In the infrastructure world, automated testing or verification is nice to have – like comparing a farm of web servers against a configuration baseline perhaps. What’s even more critical in an agile world is automated operations. Like the use of squads, automation enables an infrastructure organization to become more responsive. Can we spin up a server or push out a configuration change to all our routers with the click of a button? Can we facilitate DevOps by providing self-service options to our developers?

In the project world, I think the usefulness of automation comes in either when working on large projects where a piece of infrastructure will need to be deployed many many times or in the case where you’re executing basically the same project over and over as does a service provider selling Office 365 for instance.

Projects vs. Operations
I think that agile practices can work both in the project world as well as daily operations. Certainly the particular practices I’ve covered in this article can be effective in both. One question I have is how this is all going to work cohesively in an IT organization? I don’t think adopting every agile practice is practical. IT folks need to use some common sense and adopt what makes sense in their particular environment.

For example, Cohn greatly prefers sticking to index cards for managing user stories, sprint tasks, parking lot charts, etc. But try to imagine a service desk that uses index cards for their service tickets. I think someone could make a pretty funny YouTube video on that premise, if they haven’t already. So do you use two systems, an analog one for project management and digital for service desk? Or do you try to find one that does it all? From the perspective of someone who has done reporting of service desk and projects side-by-side, I’d rather have everything in the same database. But maybe it’s better to just find the best system for each job. And while you can maybe put services into operation or perform continuous improvement in iterations, can you operate a service desk in iterations? Probably not. But you can certainly have a daily stand-up to prioritize tickets, review urgent tickets unresolved the prior day and make a game plan.

Your whole IT organization must be agile
If you have agile development teams in your organization, you must have agile infrastructure teams. At the very least you must have heavily automated processes for deploying infrastructure and you must be able to respond to requests from developers quickly. And you should probably have infrastructure representatives sitting in on development daily scrums or at least sprint planning meetings. This way you know what is coming your way and you even have some input.
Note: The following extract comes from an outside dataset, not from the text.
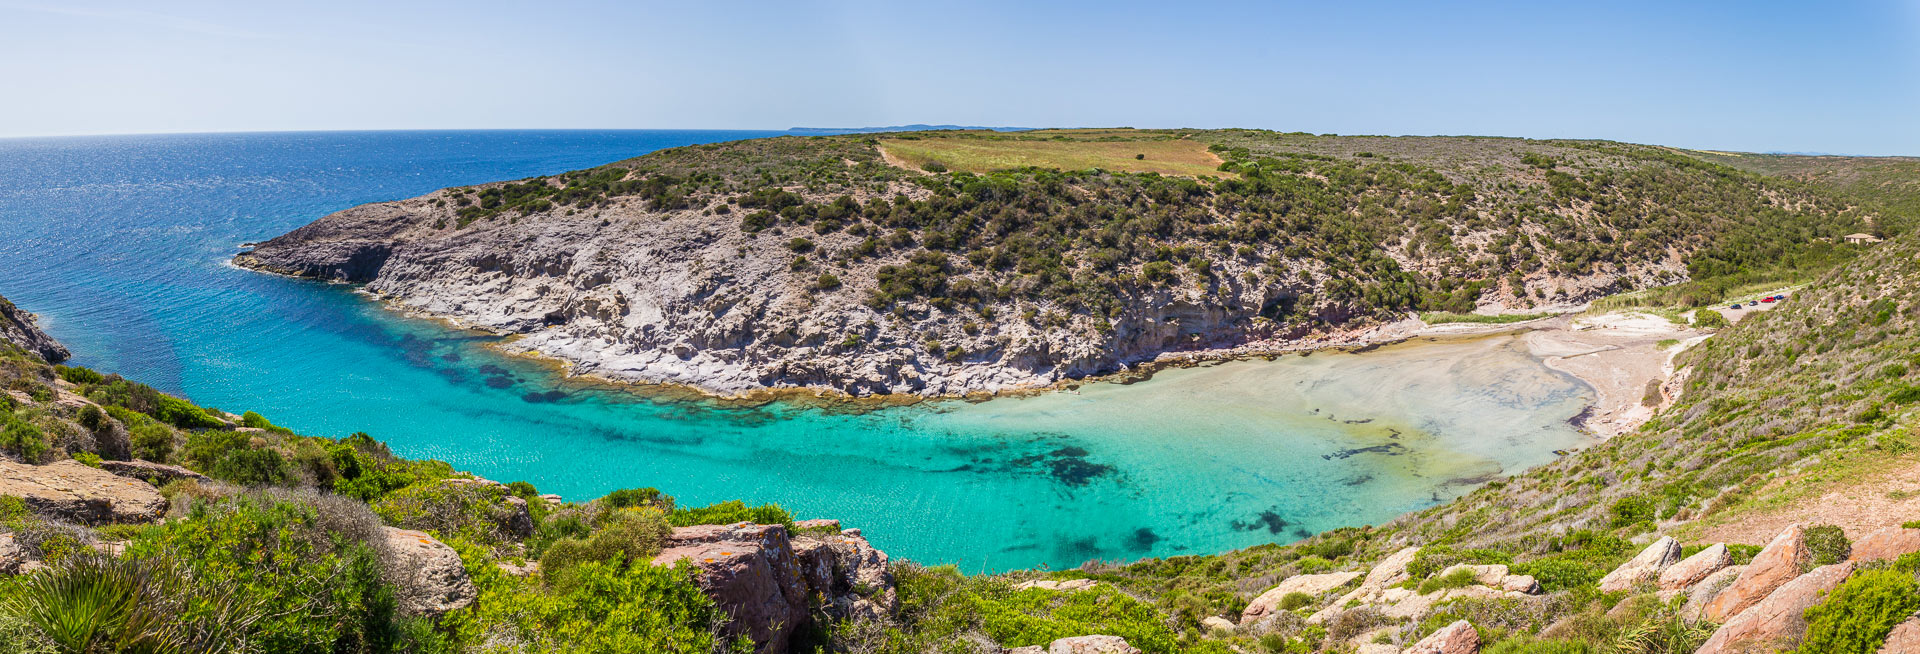 Cala Lunga on the island of Sant Antioc - 8 days Sardinia itinerary

The consequences of isolating agile to development are well covered by Cohn in “Succeeding with Agile”. At best, inability to complete user stories in some iterations. At worst, a backslide into old ways of developing software. In his book, Cohn provides strategies for getting HR, Facilities and the PMO on board as these are key groups needed to support agile development.

When not to be agile
Okay this is an intentionally incendiary heading. Of course we should always be as agile as possible given the constraints we are under. But in thinking about many of the infrastructure projects I’ve worked on, I would say that a lot of them were sequential by nature….. with many interlinking dependencies. And forget about having a “potentially releasable product” every two to four weeks. That just doesn’t make sense. For this type of a project, does it does it make sense to utilize an agile methodology? I don’t think there’s a hard and fast answer. I think one should employ as many agile practices as possible given the situation. If you are performing a virtual server migration where you are migrating servers in groups over the course of several months, there is an inherent iterative nature to the work and greater opportunity to be agile. In a more sequential project, one can still borrow practices like a daily stand-up meeting and keeping the team small and collocated if possible. One can display big visible charts and dedicate some time to building automated verification tests (if this type of work will be repeated).

One of the big reasons agile software development de-emphasizes up-front planning and estimates work with a unit-less measure (story points) is the acknowledgement that we cannot know the end product with any real clarity before we start building it. It is a waste of time and effort to do a detailed requirements analysis phase. And schedule estimates made before execution begins will inevitably be wildly inaccurate.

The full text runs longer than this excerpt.